А Зикунов сидел понурый, не глядя на выросшую перед ним горку сахара и хлеба.
* * *
Заозерск. Незаметная улица. Детдом.
Наташе Шереметьевой.
Ну, вот что я тебе скажу, друг Наташа! Земля – она, конечно, тесная, опять же круглая, и для того, чтобы это сообщить, я и пишу тебе.
А сестренка твоя Анюта – рядом. Даже не через перегородку лежит, а отгорожена одной занавеской. Анюта и велела тебе написать. Вот какие дела.
Неделю тому назад вхожу я в санчасть, вдруг гляжу – у медсестры в руках гимнастерка. На гимнастерке значок наш. Красная черешенка.
Так что земля и в самом деле круглая, об этом я тебе сразу намекнул. Ну, значит, гимнастерка, а на ней черешенка.
Я туда-сюда, а гимнастерка-то маленькая. Не иначе, думаю, кто-то из наших пацанов дал деру на фронт.
И вдруг слышу: «Митя!»
Прямо с неба, с верхних нар. Подхожу – Анюта.
Сразу скажу: ранение у нее пустячное, осколочное, в руку. Осколок изъяли. Благополучно.
Вот и свиделись!
«Брат сестру нашел» – так раненые говорят.
Вспоминаю вас двоих, как вы приехали в Черешенки. Помню окно. Вы обе спиной к окну стояли. Ты – покороче, она – подлиннее. Ты – веселая, а она – печальная, и глаза вниз.
До того, как вам прийти, Лючия Ринальдовна сказала про рассыпанные ложки – среди них чайная ложка была. Она сказала: это к гостям, и кто-то будет маленький.
А маленький гость ты и была. Но тогда я не знал, что буду тебе писать. И слушать, как она дышит за занавеской. И думать, не надо ли ей воды.
В общем, все в порядке, Анюта идет на поправку, так и скажи Галине Константиновне. Кланяйся ей, Шурке моему и всем ребятам.

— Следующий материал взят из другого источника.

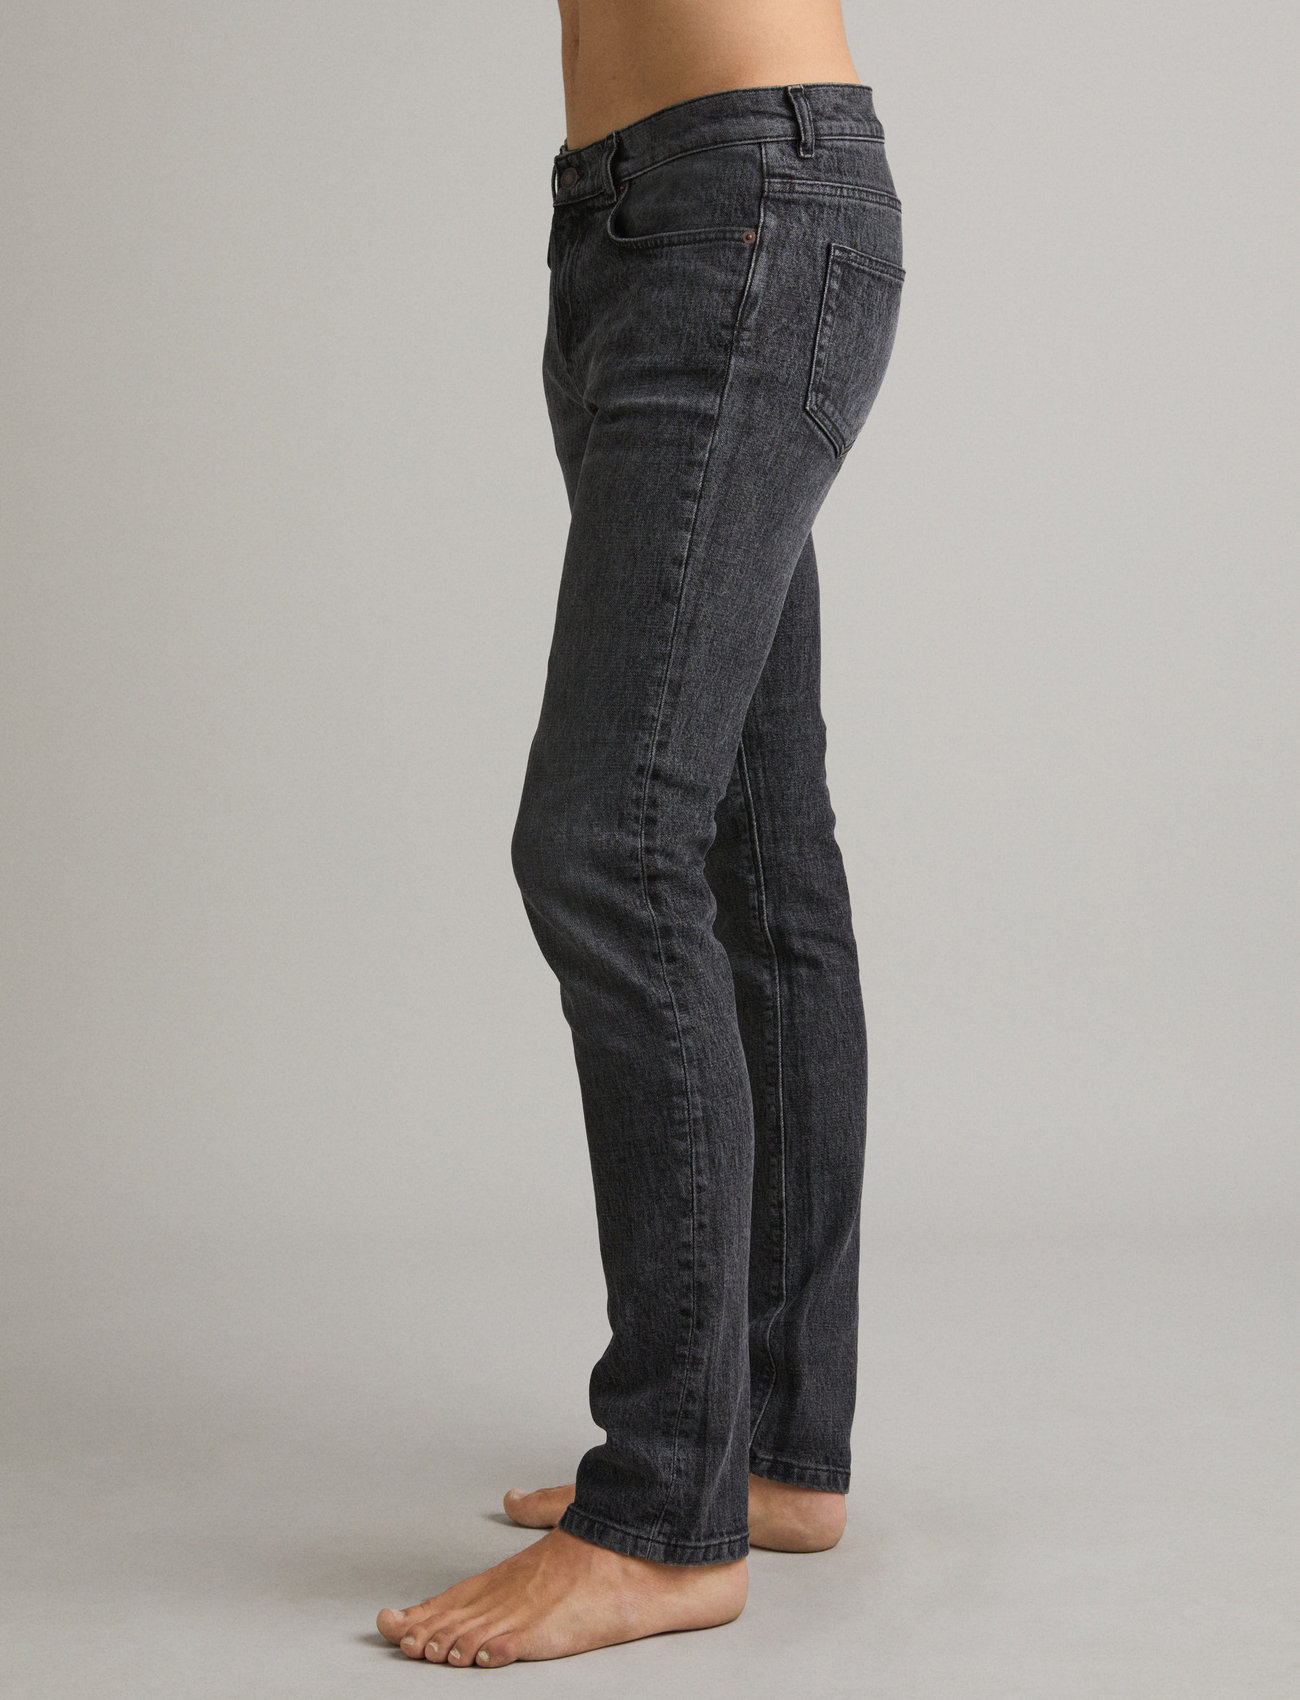 Jeanerica - SM001 Slim Jeans - chemises basiques - blackvintage82 - 3

Жму твою руку, можешь на меня положиться.
Твой Дмитрий Королев.
* * *
Нет, совсем не всегда мне легко с ребятами. Мало, страшно мало я о них знаю. Вот – Щеглов. Кто был для меня понятнее Щеглова? Простой, легкий, виден насквозь. И вот этот-то легкий мальчишка носит в душе тяжесть, о которой я ничего не знаю. «У меня чутье на людей, у которых на душе камень», – сказал как-то про Мишу Петр Алексеевич. Но что же это? Спросить я не умею, я жду. А разве можно ждать? Тут надо, непременно надо спросить. Разве я не помню Федю – каким освобождением было для него рассказать о своей беде!
– Миша, почему вы с папой в ссоре? Скажи, и тебе легче станет, и мы вместе придумаем, как быть.
– Галина Константиновна, так ведь я почему не говорю? Не верю вам, что ли? Нет, стыдно мне. Стыдно. Я даже как подумаю, от стыда помираю. Не могу я про это говорить. Вы не сердитесь, ладно?
Щеглов отзывчив на каждое доброе слово. И это знаю не только я. Это знает и Велехов. Зачем ему нужен Щеглов? Не один Щеглов, ему все нужны! И Трифон Рюмкин, и Сеня Винтовкин, большие и маленькие – нужны, может, для дела, а может, для форсу: я все могу, я если пожелаю – все мои будут.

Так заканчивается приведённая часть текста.